_WORK REQUEST_
In the material below, find the line with "How do I get from Bordeaux to Troyes"; set down that line and every line after it to the end, exactly, without pictures.

_EXCERPTED DATA_
------------------------------------------------

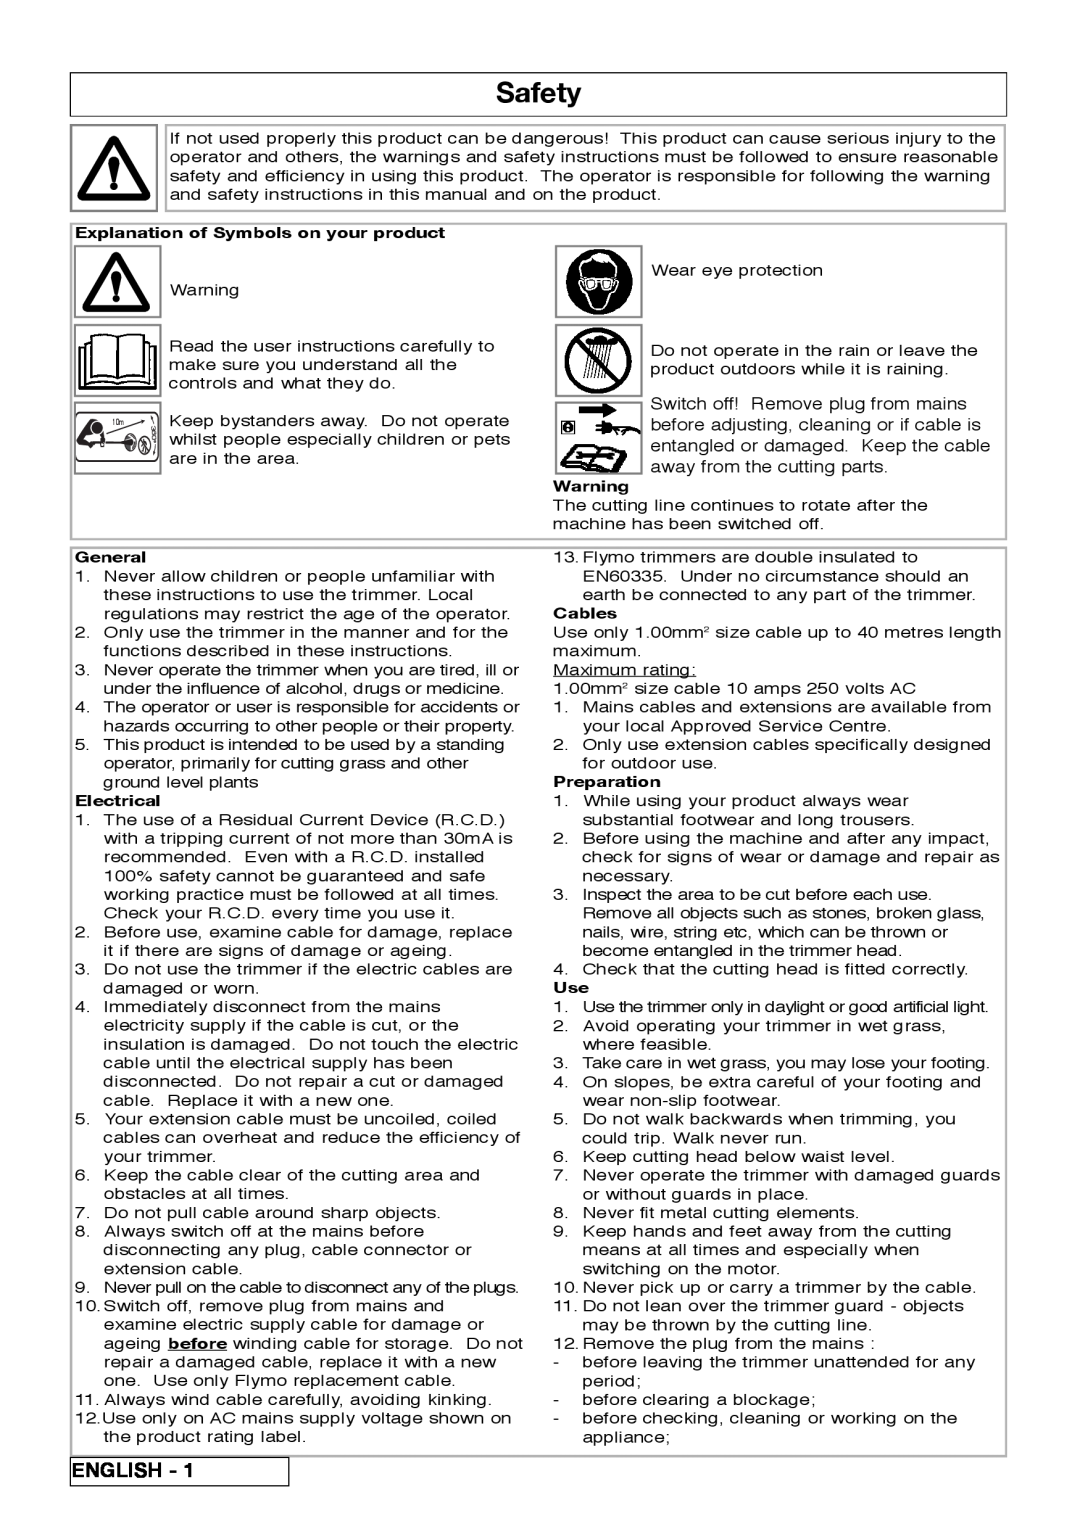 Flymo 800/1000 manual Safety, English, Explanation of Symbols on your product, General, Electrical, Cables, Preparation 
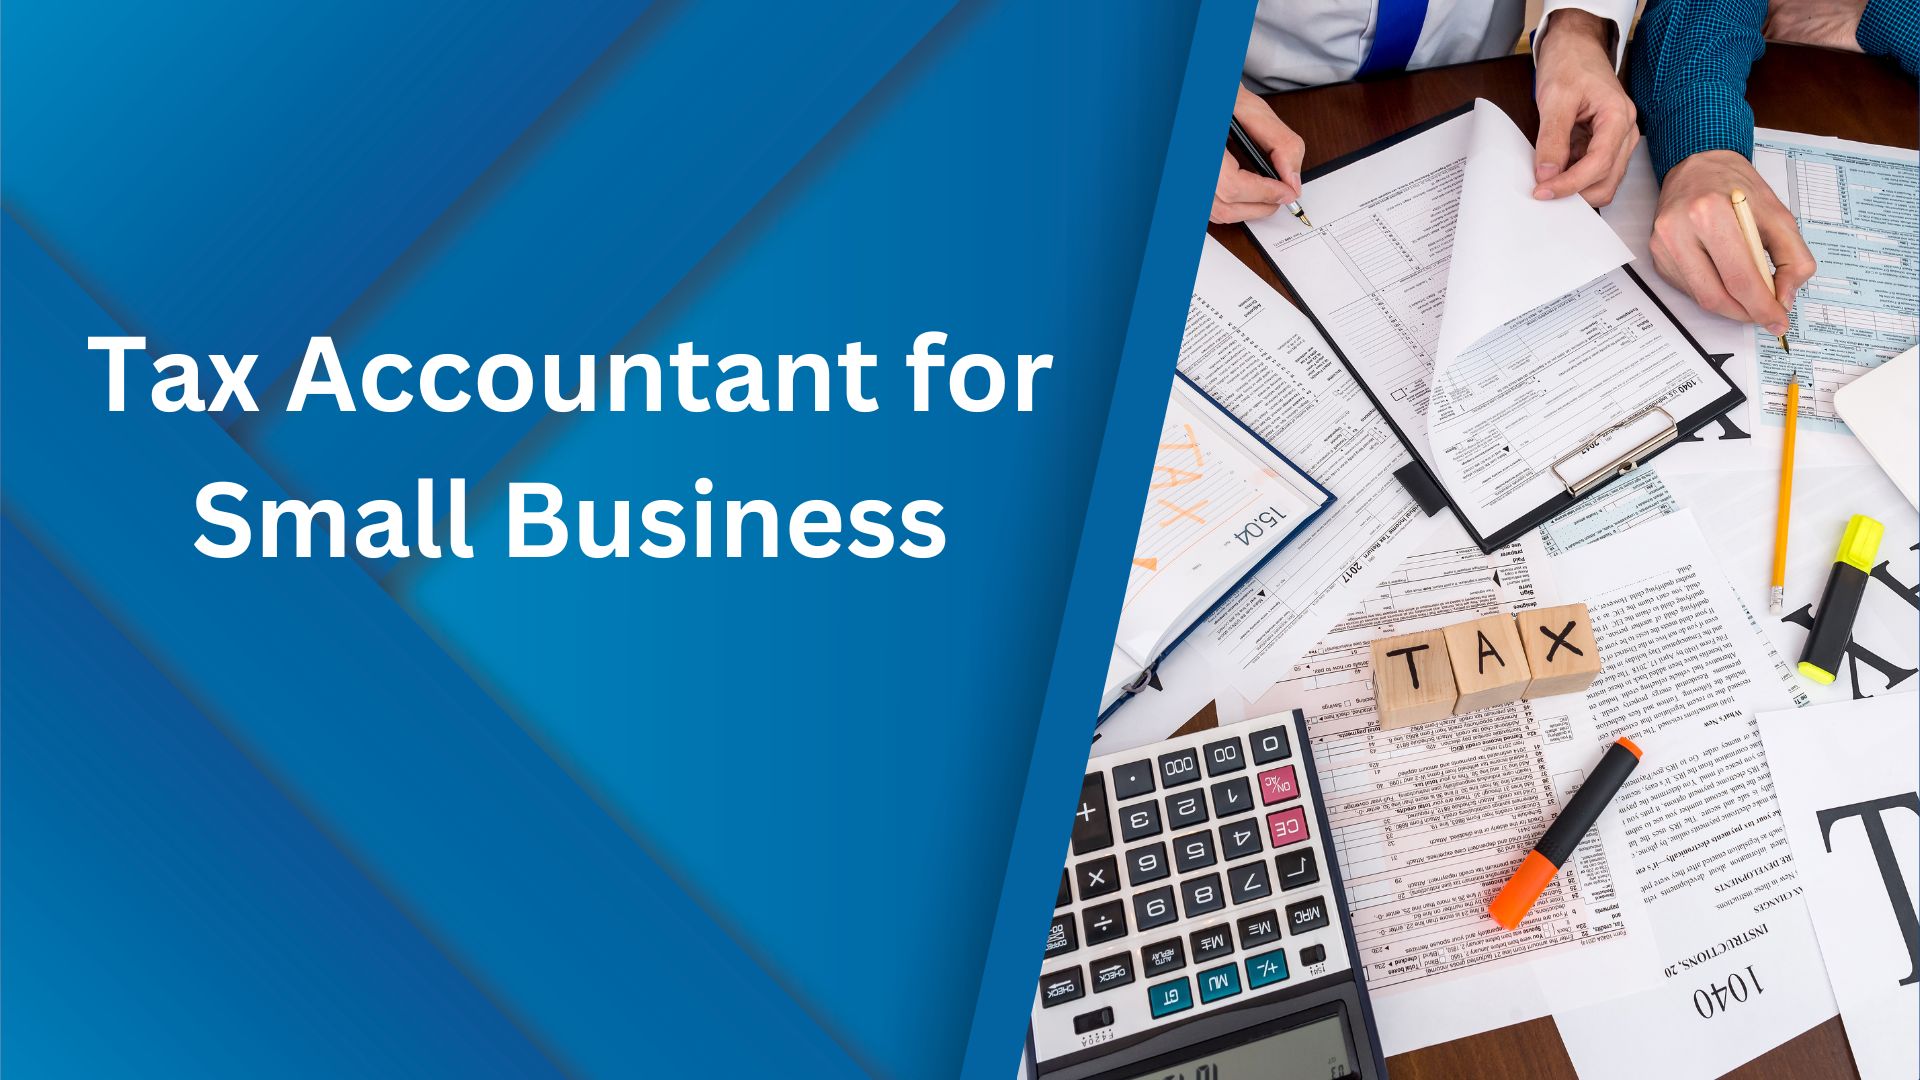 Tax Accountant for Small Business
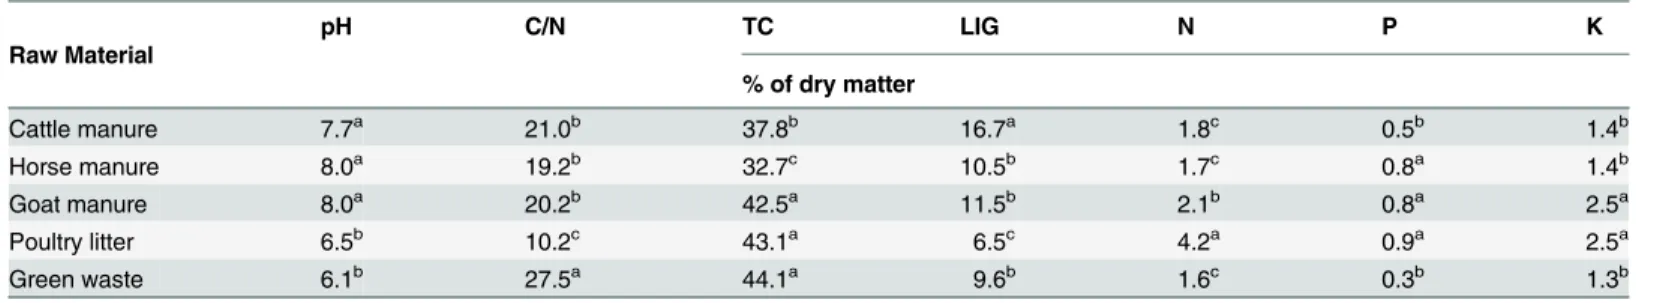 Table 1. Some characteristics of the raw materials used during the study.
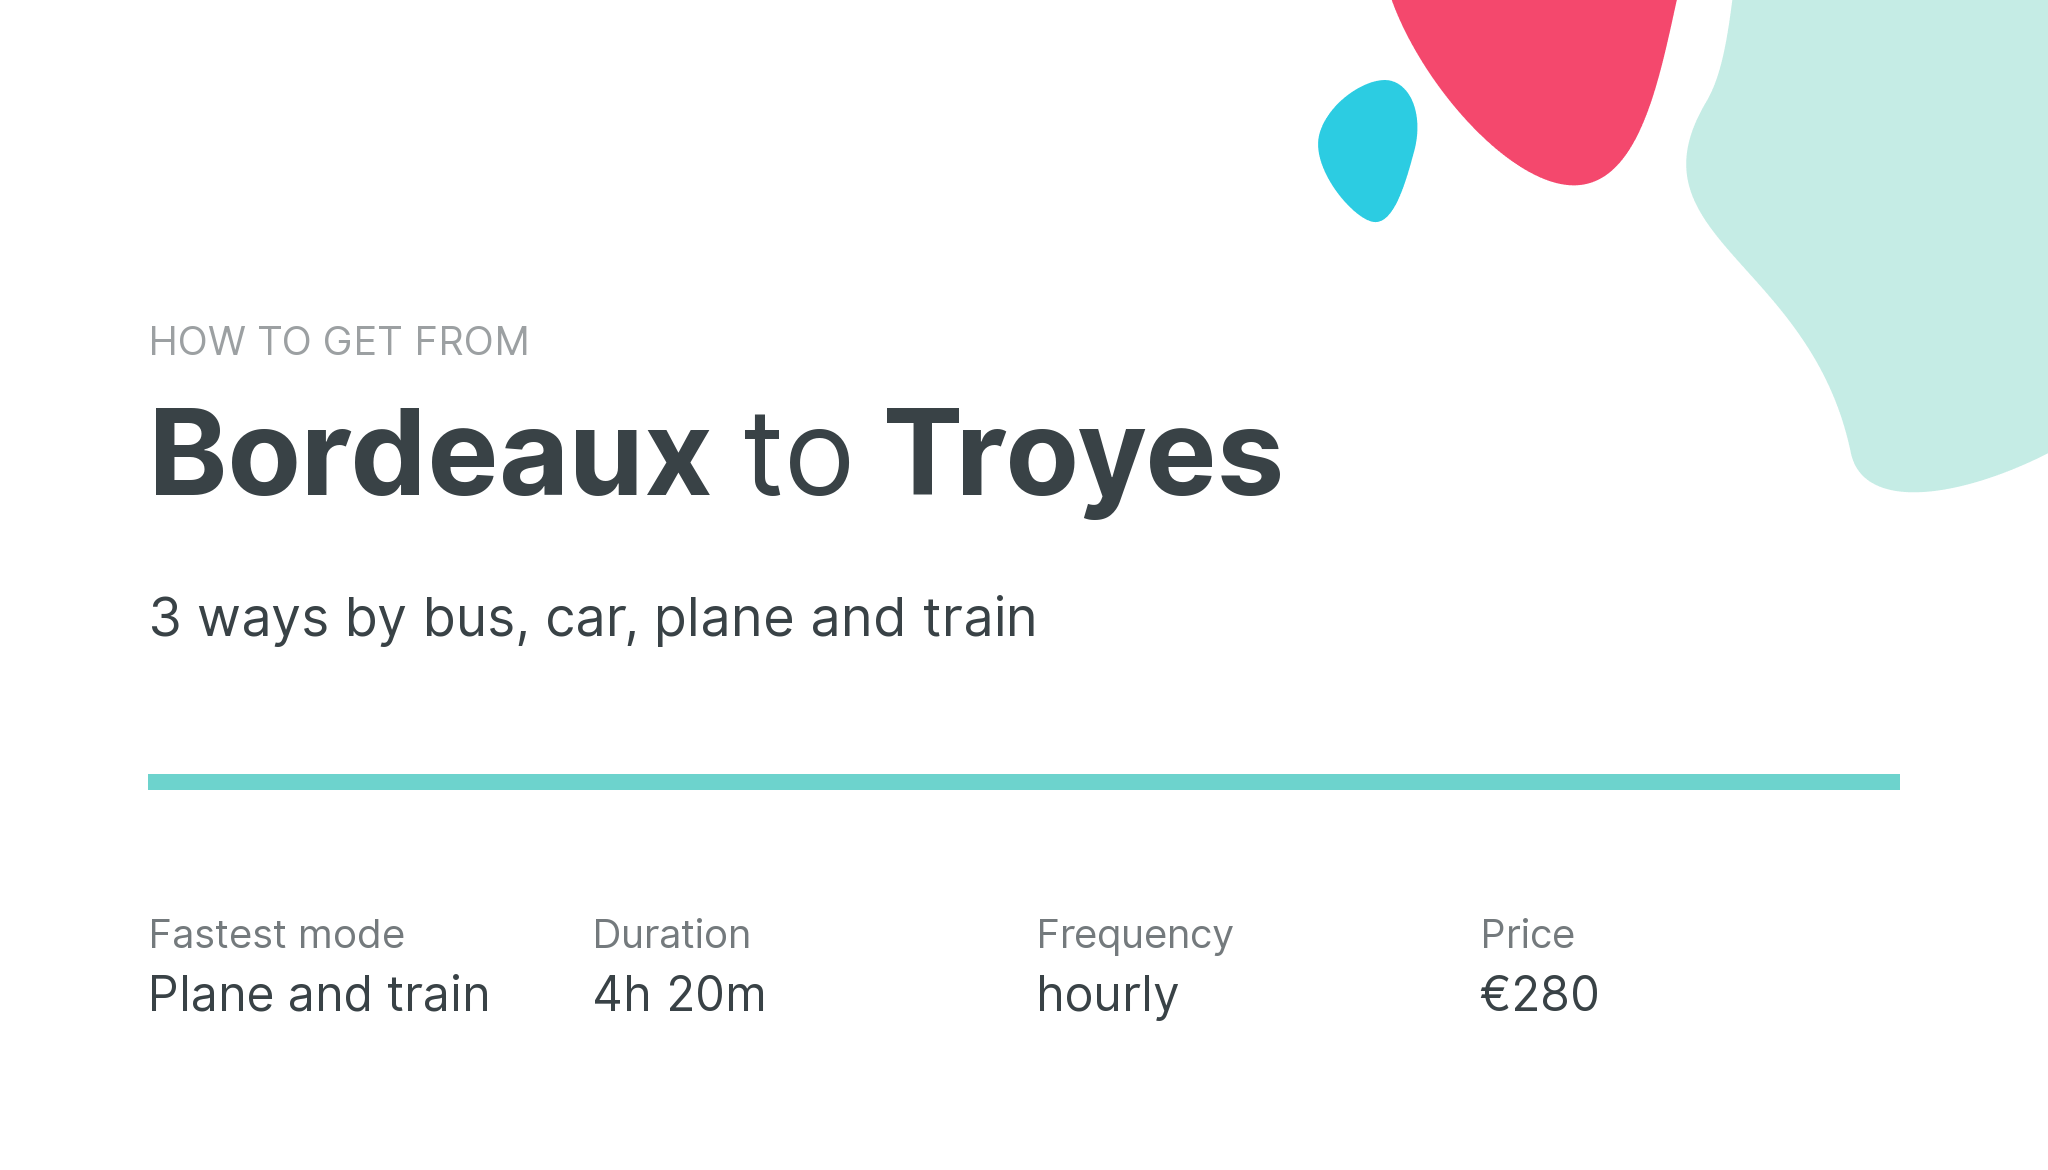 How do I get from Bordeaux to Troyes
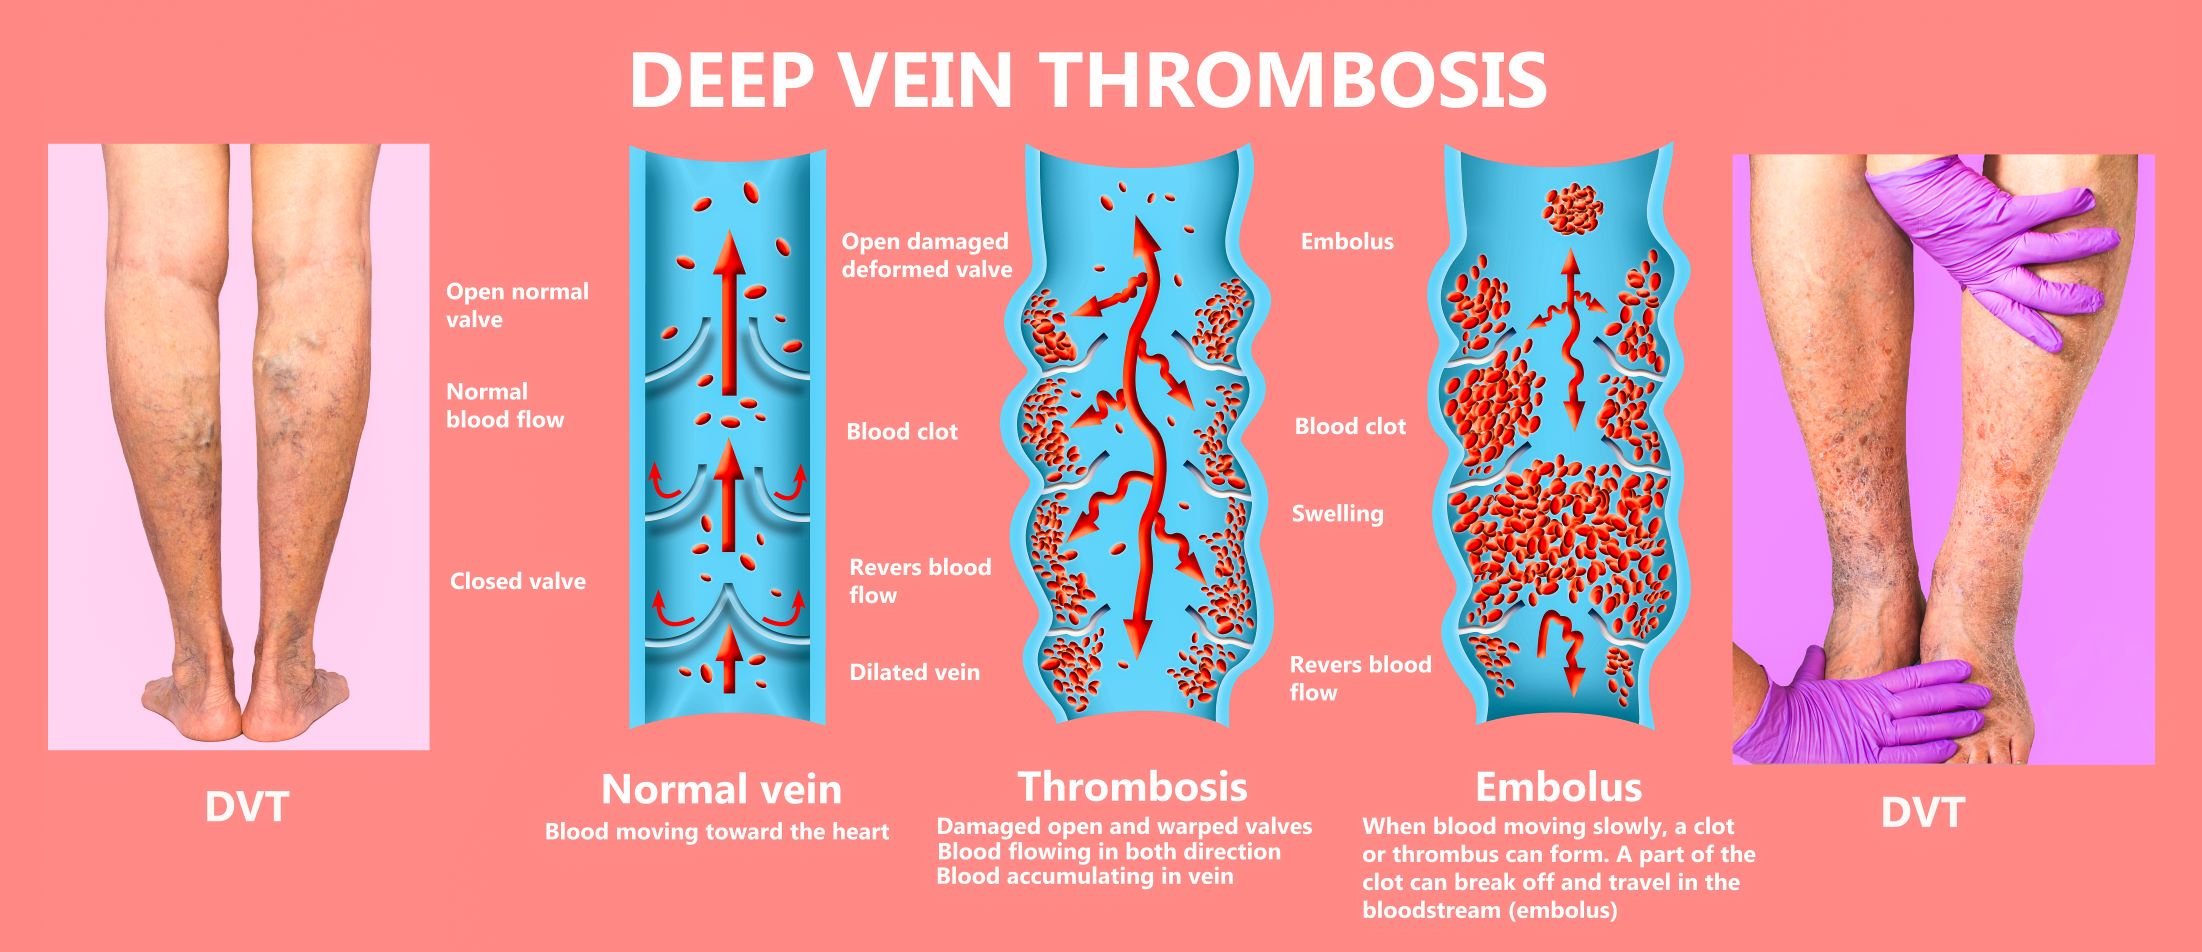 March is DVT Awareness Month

------------------------------------------------

_ANSWER_
 How do I get from Bordeaux to Troyes
 March is DVT Awareness Month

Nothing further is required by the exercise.